Summary functions like mean(), median(), min(), max(), etc. may be used to summarize rows.

COMPUTE COLUMNS

# compute a column based on an expression.
dt[, c := 1 + 2]
# compute a column based on an expression but only for a subset of rows.
dt[a == 1, c := 1 + 2] 
# compute multiple columns based on separate expressions.
dt[, `:=`(c = 1 , d = 2)]

DELETE COLUMN

# delete a column.
dt[, c := NULL] 

CONVERT COLUMN TYPE

# convert the type of a column using as.integer(), as.numeric(), as.character(), as.Date(), etc.
dt[, b := as.integer(b)] 

Group according to by

# group rows by values in specified column(s).
dt[, j, by = .(a)]
# group and simultaneously sort rows according to values in specified column(s).
dt[, j, keyby = .(a)]

COMMON GROUPED OPERATIONS

# summarize rows within groups.
dt[, .(c = sum(b)), by = a]
# create a new column and compute rows within groups.
dt[, c := sum(b), by = a] – 
# extract first row of groups.
dt[, .SD[1], by = a]
# extract last row of groups.
dt[, .SD[.N], by = a]

Chaining

dt[…][…]

perform a sequence of data.table operations by chaining multiple “[]”.

Functions for data.tables

REORDER

# reorder a data.table according to specified columns. Prefix column names with “-” for descending order.
setorder(dt, a, -b) 

UNIQUE ROWS

# extract unique rows based on columns specified in “by”. Leave out “by” to use all columns.
unique(dt, by = c("a", "b"))
# return the number of unique rows based on columns specified in “by”.
uniqueN(dt, by = c("a", "b"))

RENAME COLUMNS

# rename column(s).
setnames(dt, c("a", "b"), c("x", "y")) 

SET KEYS

# set keys in a data.table to enable faster repeated lookups in specified column(s) using “dt[.(value), ]” or for merging without specifying merging columns “dt_a[dt_b]”.
setkey(dt, a, b)

Combine data.tables

JOIN

# join two data.tables based on rows with equal values. You can leave out “on” if keys are already set.
dt_a[dt_b, on = .(b = y)]
# join two data.tables based on rows with equal and unequal values.
dt_a[dt_b, on = .(b = y, c > z)]


ROLLING JOIN
# rolling join matches rows, according to id columns, but only keeps the most recent preceding match with the left table, according to date columns. Use “roll = -Inf” to reverse direction.
dt_a[dt_b, on = .(id = id, date = date), roll = TRUE] 

BIND

# combine rows of two data.tables.
rbind(dt_a, dt_b)
# combine columns of two data.tables.
cbind(dt_a, dt_b) 

Reshape a data.table

RESHAPE TO WIDE FORMAT

Reshape a data.table from long to wide format.

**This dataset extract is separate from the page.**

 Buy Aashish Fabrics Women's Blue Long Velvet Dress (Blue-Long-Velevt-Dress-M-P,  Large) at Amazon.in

dcast(dt, id ~ y, value.var = c("a", "b"))
  • dt A data.table.
  • id ~ y Formula with a LHS: id column(s) containing id(s) for multiple entries. And a RHS: column(s) with value(s) to spread in column headers.
  • value.var Column(s) containing values to fill into cells.

RESHAPE TO LONG FORMAT

Reshape a data.table from wide to long format.

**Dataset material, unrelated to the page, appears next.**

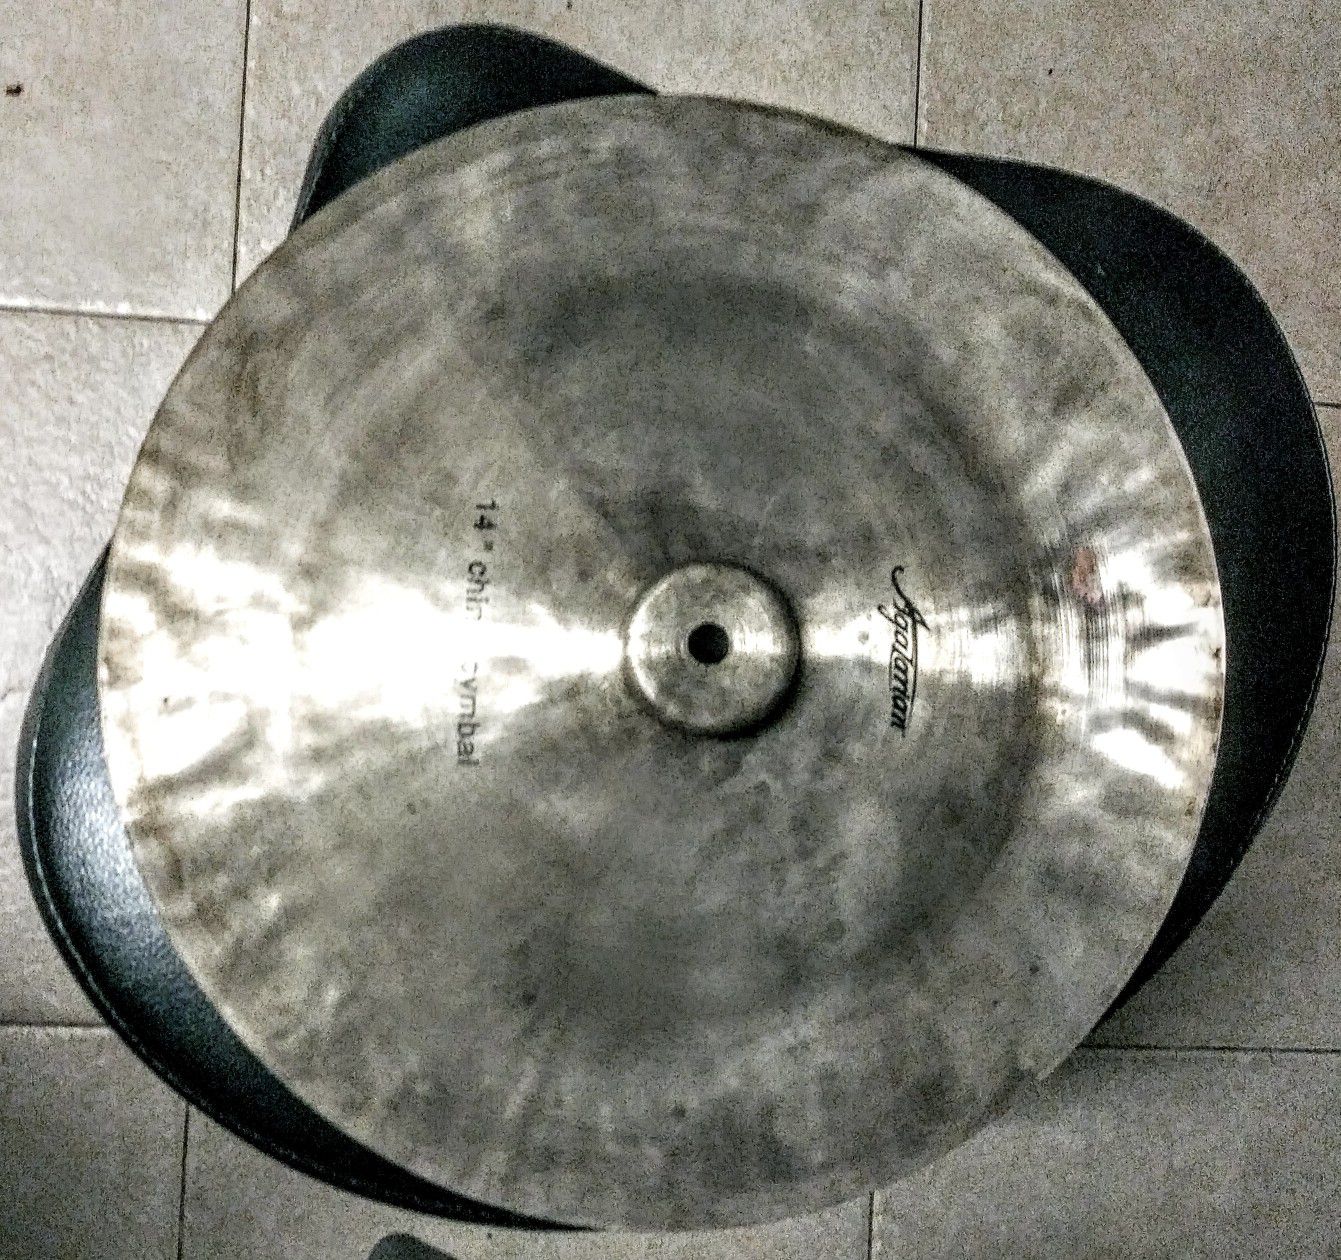 Agazarian 14" China Cymbal

melt(dt, id.vars = c("id"), 
     measure = patterns("^a", "^b"), 
     variable.name = "y", 
     value.name = c("a", "b"))
  • dt A data.table.
  • id.vars Id column(s) with id(s) for multiple entries.
  • measure Column(s) containing values to fill into cells (often in pattern form).
  • variable.name Name(s) of new column(s) for variables and values derived from old headers.
  • value.name

.SD

Refer to a Subset of the Data with .SD.

MULTIPLE COLUMN TYPE CONVERSION

# convert the type of designated columns.
dt[, lapply(.SD, as.character), .SDcols = c("a", "b")]

GROUP OPTIMA

within groups, extract rows with the maximum value in a specified column. Also works with which.min() and which(). Similar to “.SD[.N]” and “.SD[1]”.

dt[, .SD[which.max(a)], by = b]

Sequential rows

ROW IDS

within groups, compute a column with sequential row IDs.

dt[, c := 1:.N, by = b]

LAG & LEAD

within groups, duplicate a column with rows lagged by specified amount.

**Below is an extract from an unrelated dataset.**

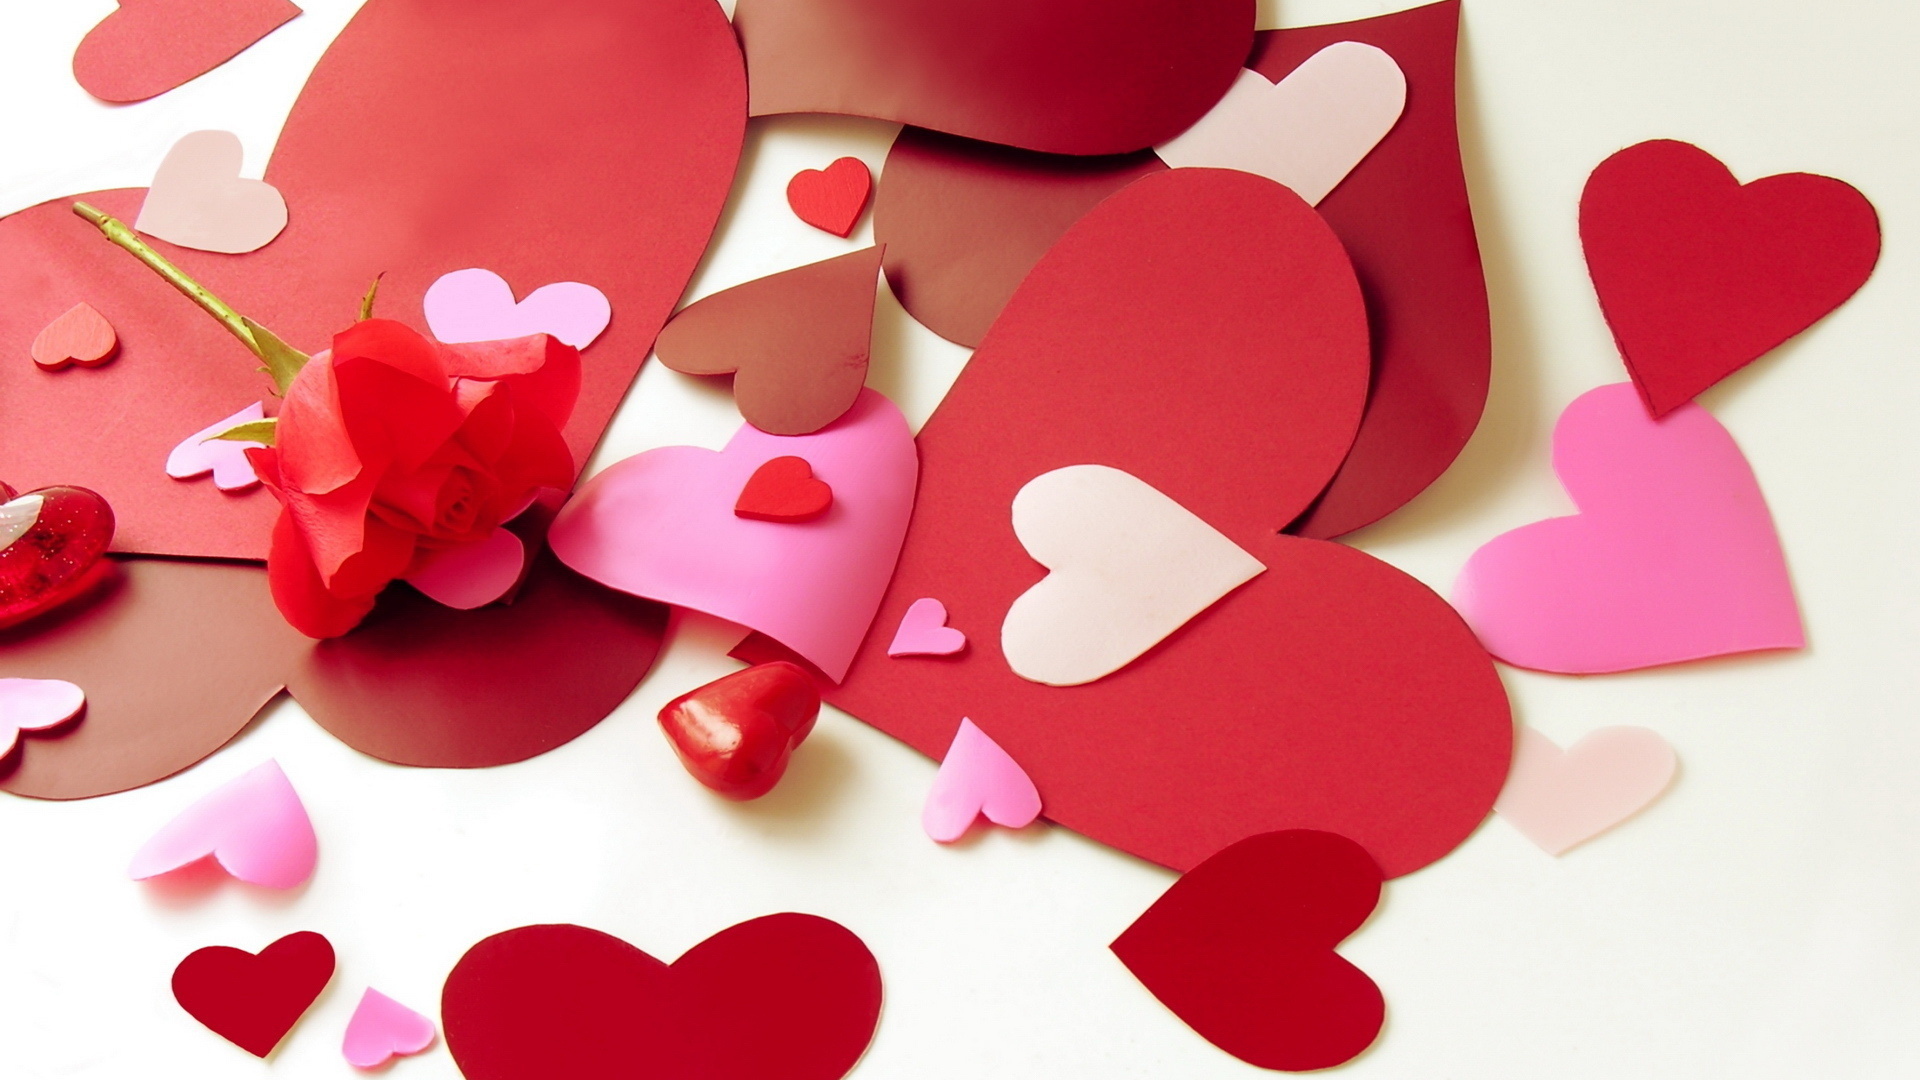 Любовь, влюбленность и валентинки – всё по-взрослому?
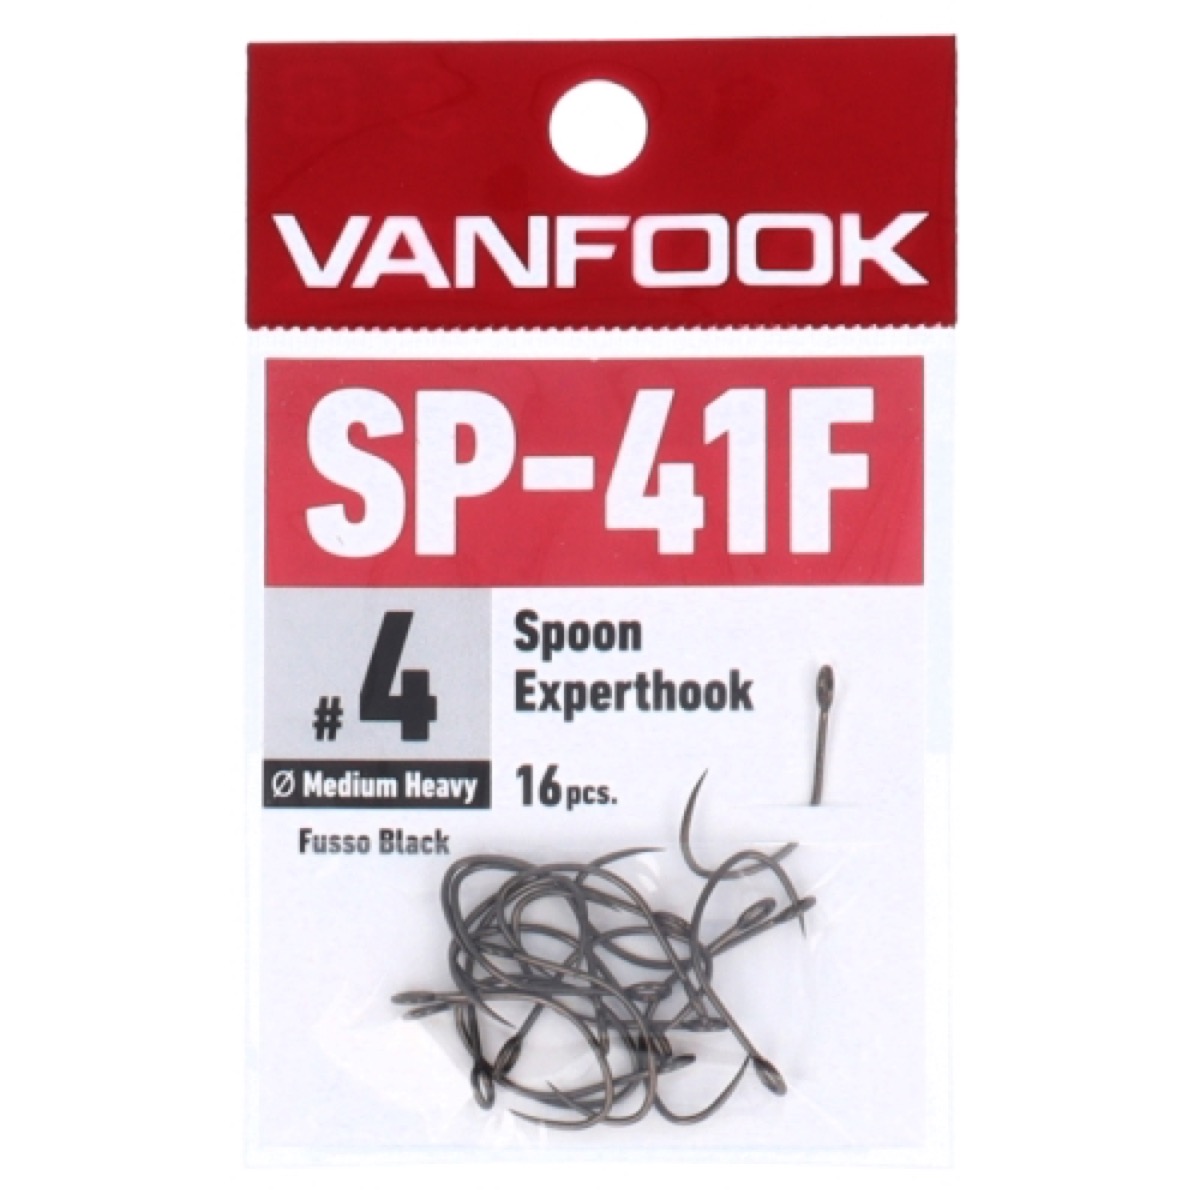 ヴァンフック(VANFOOK) スプーンエキスパートフック ミディアムヘビーワイヤー SP-41F #4 ネコポス(メール便)対象商品

dt[, c := shift(a, 1), by = b]

within groups, duplicate a column with rows leading by specified amount.

dt[, c := shift(a, 1, type = "lead"), by = b]

fread & fwrite

IMPORT

fread(“file.csv”) – read data from a flat file such as .csv or .tsv into R.

fread(“file.csv”, select = c(“a”, “b”)) – read specified column(s) from a flat file into R.

EXPORT

fwrite(dt, file = “file.csv”) – write data to a flat file from R.